What’s Two Times Five?
We’ve all experienced that moment when a sunset, a mountain vista, or the crashing waves of the ocean evoke the sense of God’s presence. The natural world seems to speak to us of God’s care for us in unique ways. But how much can we learn about God from nature?
Early Christians, among them the theologians of the fourth century, were skeptical about how useful the natural world could be in revealing God. Their doubt arose from the fact that nature seems to primarily provide us with statements about the Divine that are negative and vague. From observing the creation we could conclude that God is immortal (that is, “not mortal”) and we could conclude that God is unchanging, or that God has no beginning – but all these statements are negatives, not positives. They tell us what God is not (e.g. “not changing”) but they don’t tell us what God is.
Observations from nature are also necessarily vague. We might conclude from observing the universe that God is powerful, perhaps even going so far as to say “all-powerful,” but what does that mean in the end? If we don’t know whether God is good, bad, or neutral, then we don’t know whether that power will be deployed against us or for us. We might be able to create various negative statements about God from observing the natural order but we cannot make positive statements: we cannot, with any degree of confidence, positively state that God is love or God is good or God is on our side. In fact, nature – with its disease and capricious cruelty – could lead to the ultimately negative conclusion: there is no God at all.

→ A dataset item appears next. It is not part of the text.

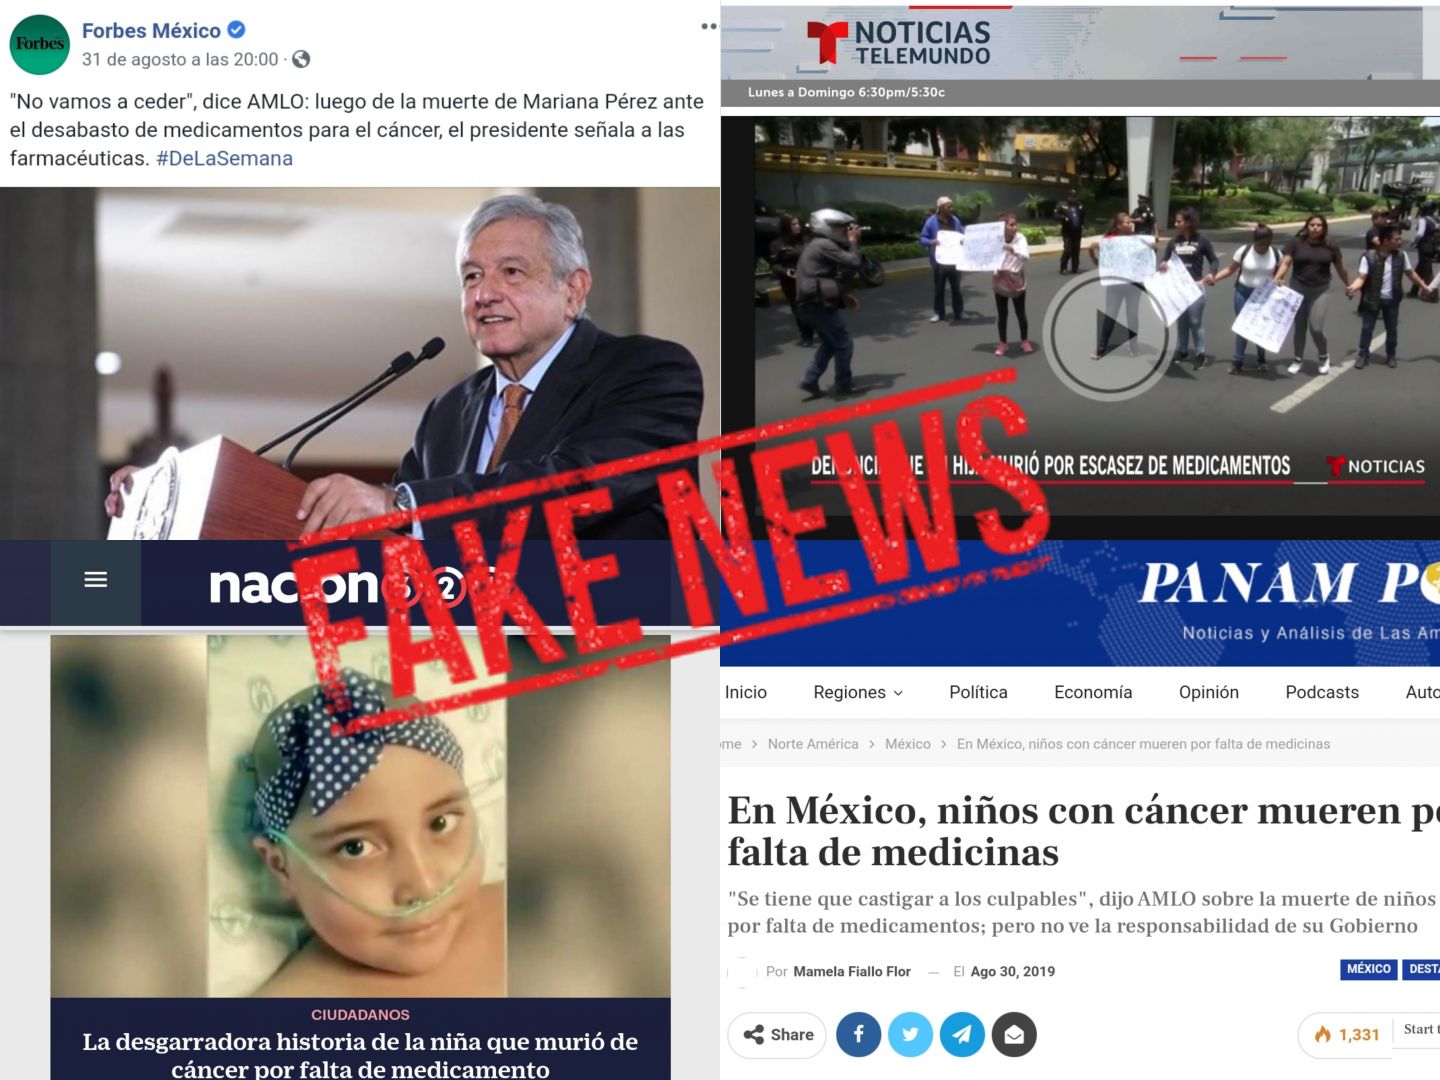 Difunden medios fake news incluso sabiendo que se trata de un engaño

Gregory of Nazianzus pointed out that “he who is eagerly pursuing the nature of the Self-existent will not stop at saying what God is not, but must go on beyond what God is not, and say what God is.” Gregory offers the following analogy: to speak of God merely in terms of what he is not is like being asked “what is two times five?” and replying “it’s not one, or two, or three, or four, and so on” but never actually saying that the answer is “ten.” (The Second Theological Oration, Oration 28, paragraph 9.)
Athanasius of Alexandria concluded that “it is more pious and more accurate to signify God from the Son and call Him Father, than to name Him from His works only and call Him Unoriginate.” Athanasius stated quite simply that “we must take our knowledge of the Spirit from the Son.” (Against the Arians, Discourse I, chapter 9, paragraph 34 and Letters to Serapion on the Holy Spirit, Letter 3, paragraph 3.)
For these early Christians nature was not enough to tell them of the Father, Son, and Spirit, or enough to tell them of God’s abiding, faithful love for humanity. To truly know God as God is, they encourage us to look at the Son of the Father, Jesus Christ, through whom we receive the Holy Spirit. He is the image of the invisible God and in him we have a true and trustworthy revelation of the God who loves us without reservation.